Despite many companies specifically stating that the bonuses and wage increases they’re offering being a direct result of the GOP tax law, the Washington Post doesn’t want to believe it, because they’re too wrapped up in their Trump Derangement Syndrome and #Resist to give credit where credit is due. Really, the only thing missing from this editorial is them giving Obama credit

Big companies are hiking up wages. The tax bill probably isn’t to thank.

ALL OVER America, it seems, giant companies are passing out benefits, crediting the newly enacted tax law for enabling their largesse. Southwest Airlines awarded $1,000 bonuses to its employees; three competitors followed. Fiat Chrysler offered 60,000 hourly workers $2,000 bonuses and announced plans to move some production from Mexico to Michigan. Several utilities have plans to pass on their tax savings in the form of lower rates for electricity.
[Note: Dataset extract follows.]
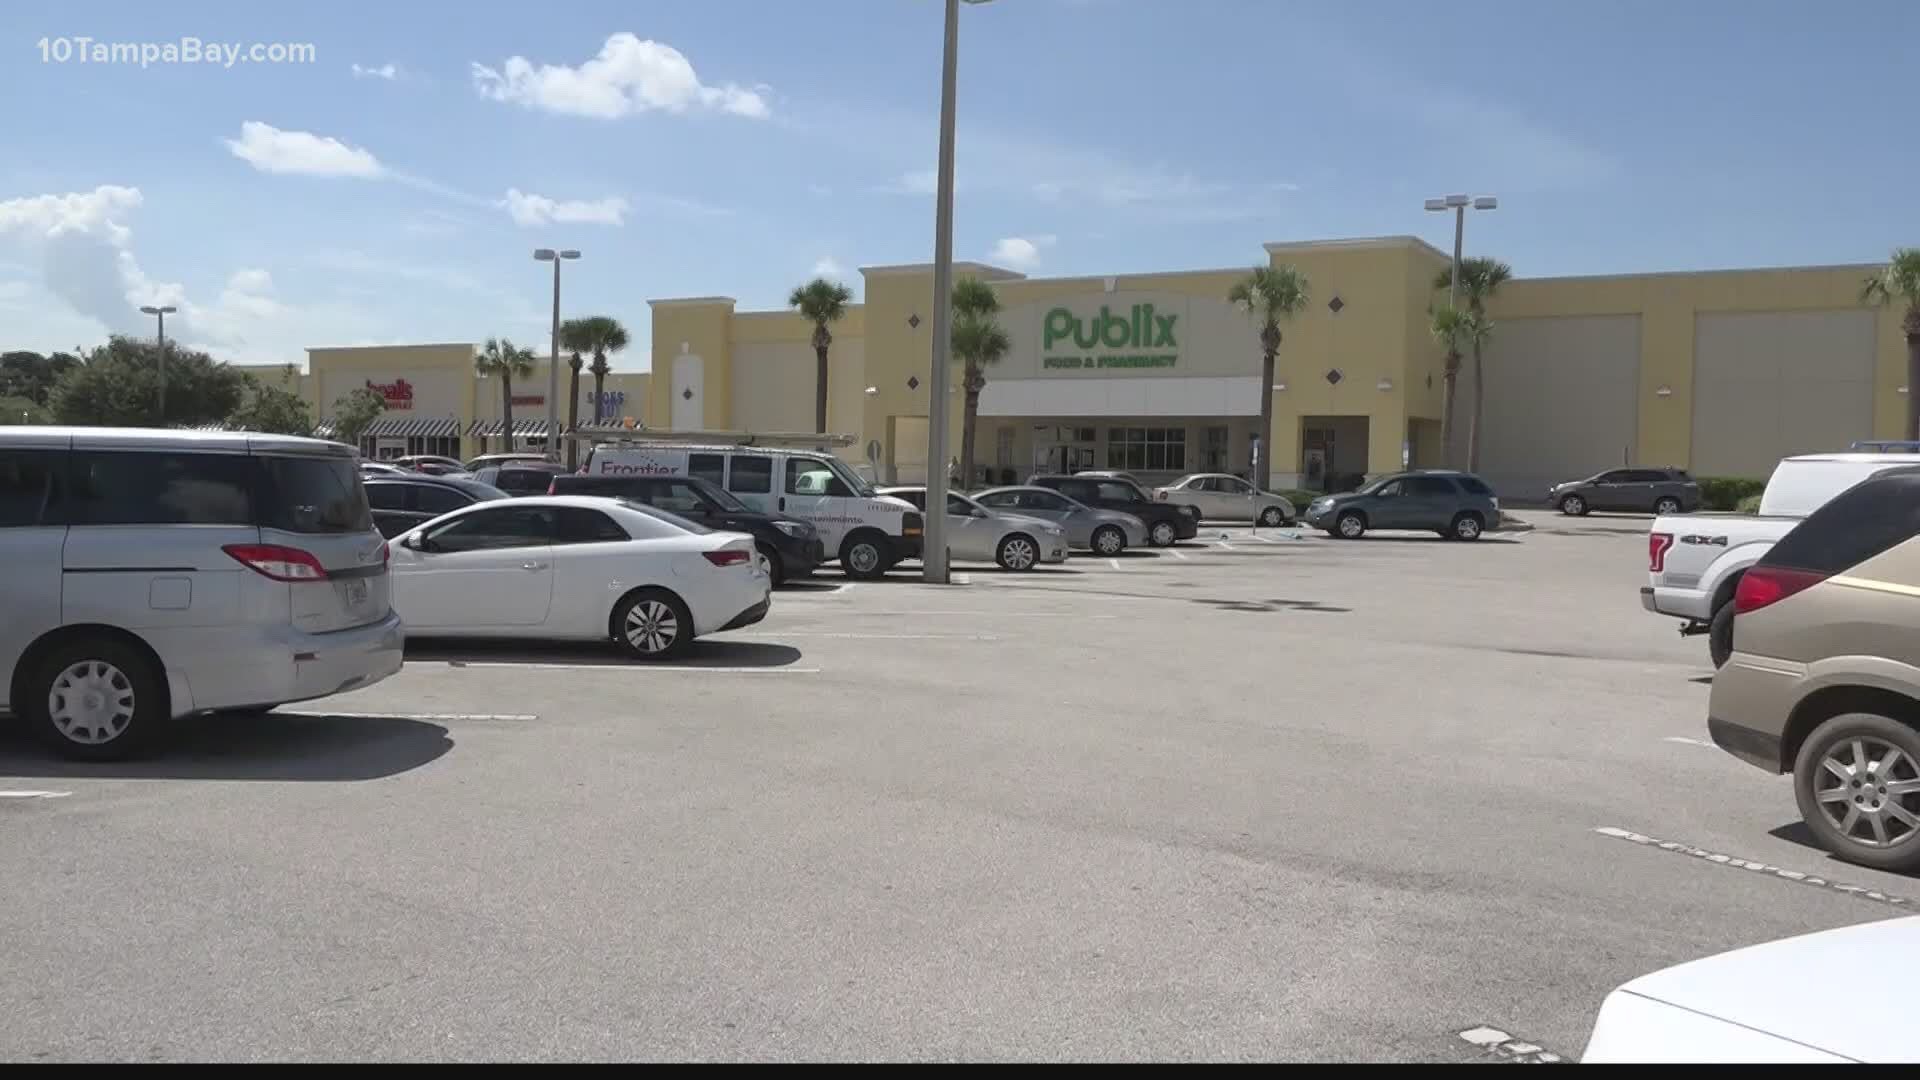 Publix has become the latest major chain of stores to require customers to wear face coverings at all times while shopping inside.
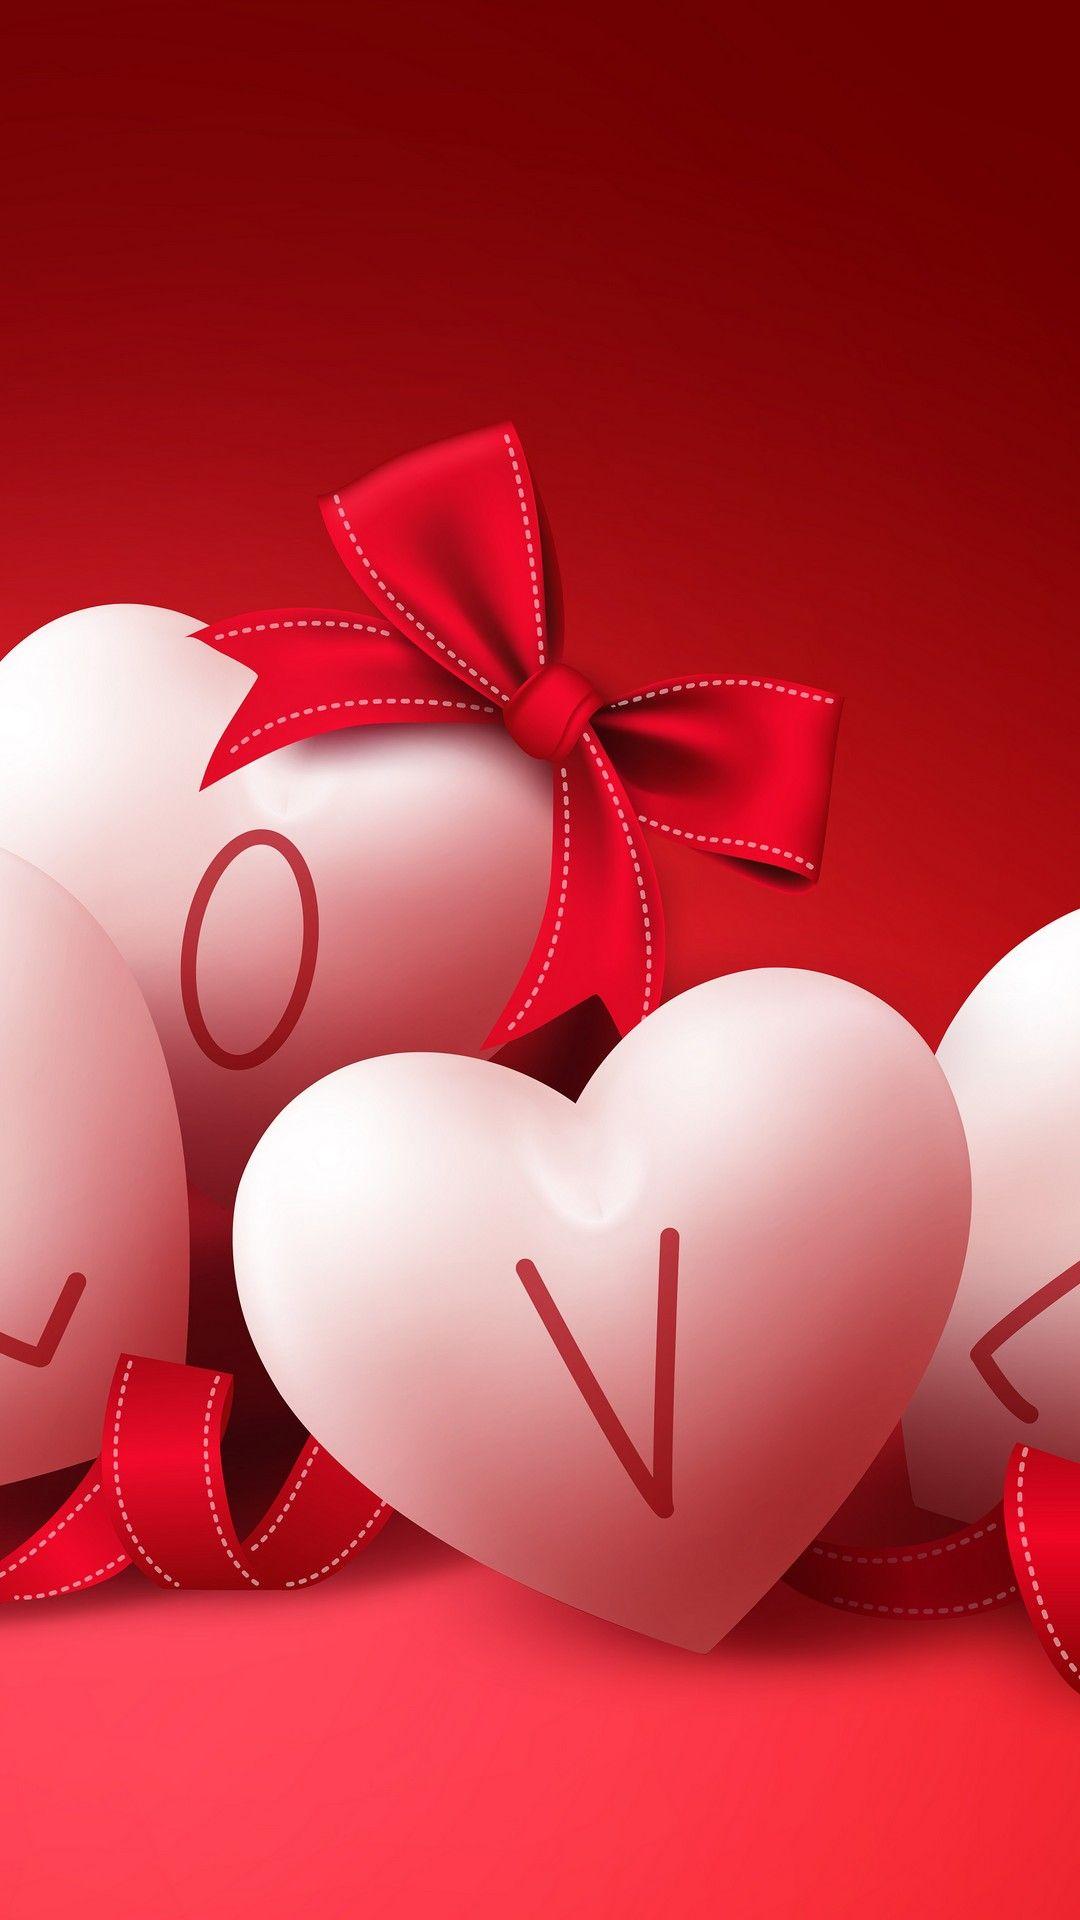 Mobile Love Wallpapers - Top Free Mobile Love Backgrounds - WallpaperAccess

And Walmart, employer of 1 million, announced a new $11- per-hour minimum wage, up from $9, and bonuses ranging from $200 to $1,000; it’s a total of $700 million, or about a third of the tax cut the company expects in 2018.

The Trump administration and the Republican lawmakers say this disproves critics who said their bill lavished a big helping of tax relief on corporations and the rich, with only meager gains for everyone else. “I do not think that is crumbs,” House Speaker Paul D. Ryan (R-Wis.) said.

They forget to mention that the “crumbs” thing is in direct response to Queen Nancy Pelosi, who is so out of touch with the middle class that she thinks $2,000 is a crumb. Of course, she, and the Washington Post, were super thrilled with Obama’s Stimulus, which gave people $40 a week, equivalent to $2,080. But was intended to expire after two years. Anyway, here we go

How to think about this? It’s unlikely that the announcements of wage hikes, or one-shot bonuses, represent anything more than a public-relations consequence of the tax bill. To the extent companies are paying people more and offering better working conditions, such as family leave, it more reflects the overall tightness of the labor market, and the resulting enhanced bargaining power for workers, than the prod of the tax cut.

And there it is: they just can’t give credit where credit is due. Certainly, the tightness in the job market is there, and so much of what’s in that link is the result of Trump’s policies, and, yes, we can also give Obama with a GOP congress some credit. We can also blame Obama for telling everyone to go to college to get a degree that isn’t worth the paper it’s printed on rather than getting actual real world skills, as mentioned in the article.

But these bonuses and pay hikes are the direct result of the tax law. The companies said it.

There may indeed be growth in jobs and wages as a result of the new law, but despite the hype over the latest corporate moves, it’s far too early to tell how much. What’s also crucial to keep in mind is that, whatever the bill’s benefits, it has costs, too: Specifically, it adds $1.5 trillion to the federal debt over the next 10 years, most of which goes to the most well-off people in our society, and which eventually will have to be paid for in higher taxes or reduced services for everyone else. That’s not crumbs, either.

Just a bunch of sore losers. They weren’t too concerned with Obama adding $9.3 trillion to the debt in eight years.